Monday 20 October 2014

Road Closed/Diversion/Eyes Open

























Saturday morning we are driving up the A30 on our way for a day out in Somerset.....traffic slows, queues build up, almost to a standstill. I'm immediately tetchy and frustrated - should we try and find a way round through the narrow country lanes or go back or go somewhere else all together?  I hate going back.... hate being thwarted....decide to divert via Honiton ....join the long shuddering queue on the slip road... and finally get clear of the jam. A journey which usually takes 20 minutes takes an hour.

So instead of the trip to Barrington Court in Somerset, we end up meandering along the banks of the brown river at Otterton, past the vibrant displays of hawthorn berries and rose hips -  bright as jewels - and the last straggling blackberries.... and sit in the sunshine at a round cafe table for a late sandwich lunch. Not the original plan....but then things don't always go to plan....I suppose how you deal with unexpected change is what matters.....I don't think it's something you are supposed to be good at....I'm not.....but maybe fighting and resisting it isn't a way through.

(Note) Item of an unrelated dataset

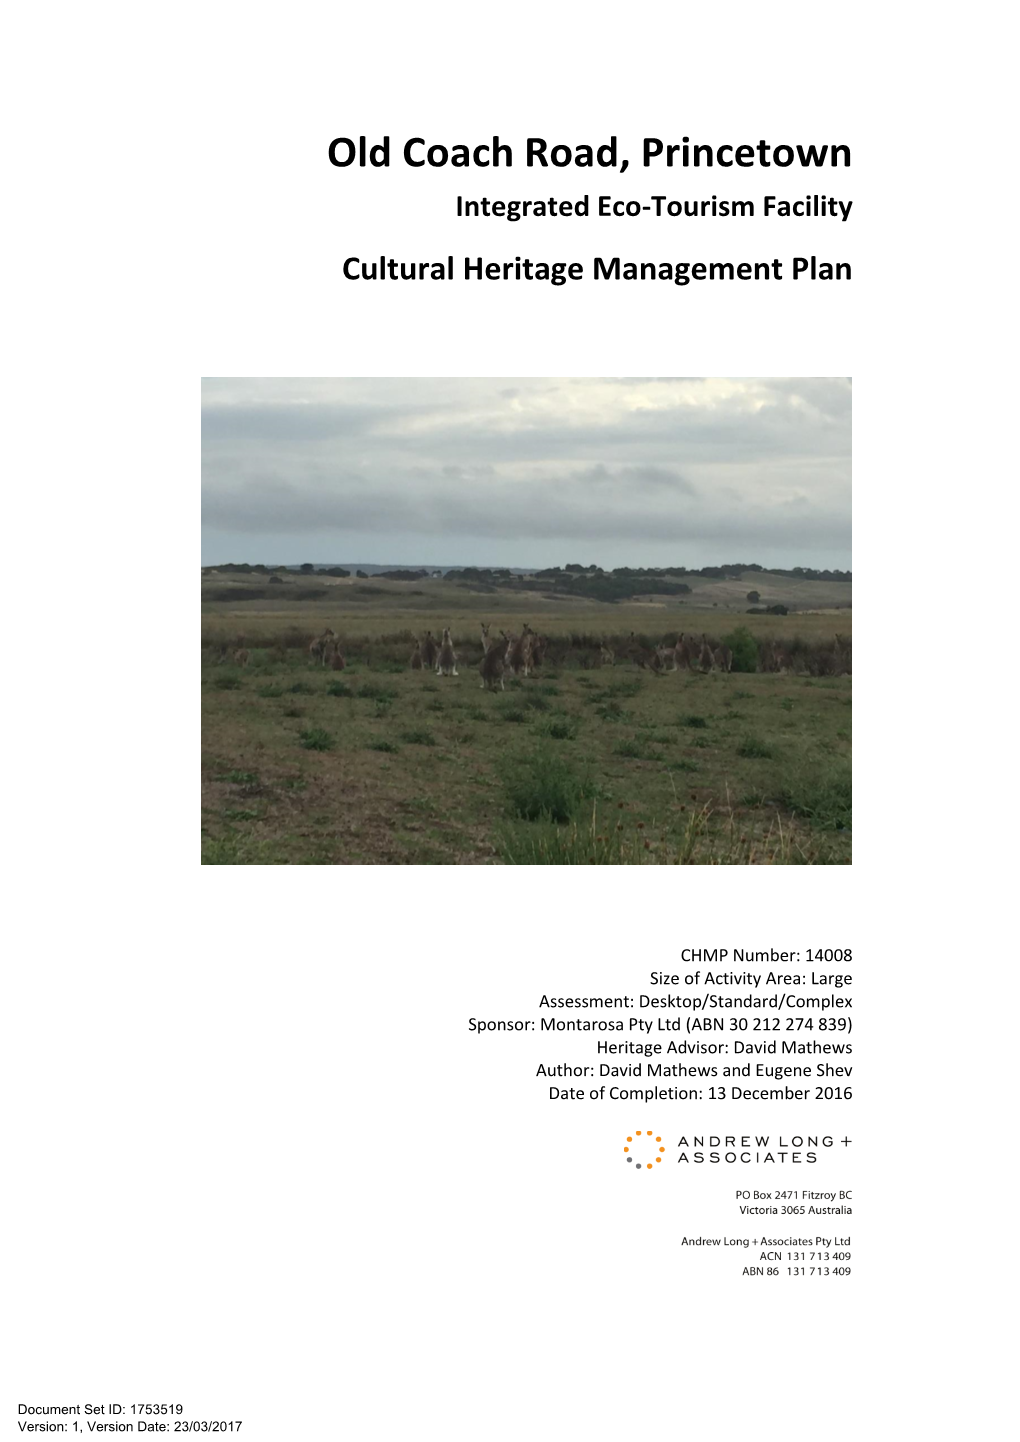 Cultural Heritage Management Plan

 Sunday  morning I set off for my Course In Miracles group in a small town outside Exeter - lunch to share on the back seat -  a warm Roasted Root Veggie Tortilla ( thank you Hugh Fearnley-Whittingstall for the recipe in your VEG book). At the end of our street I see  a line of red and white bollards and a sign saying ROAD CLOSED. Then I remember it's the day of the annual  Great West Run -  a charity event through the streets of Exeter and beyond  - cutting off all normal routes.

I'm immediately furious. I feel trapped. I hate being late - can't think how to get out the city -start driving east to get west - end up at another ROAD CLOSED sign. I don't remember the lesson from yesterday  -  I don't think about all the people who are running the race in a good cause - just how much it's inconveniencing me. A nice Welshman (who I'm rude to) at the ROAD CLOSED sign suggests I follow the DIVERSION signs....being dyslexic about directions I'm quite lost by now so I take his advice. And end up exactly where I need to be to get out of the city and join the A30. And I'm not very late after all.

Sometimes it feels like my life came to standstill after my husband's diagnosis. The road I was on has been closed. I'm being offered a diversion - another alternative route. And a choice...to keep trying to get back to  the way it was - (impossible) or to transform the diversion into the main path. And notice what bright jewels could be shining in the undergrowth along the way if I keep my eyes - and my heart -  open.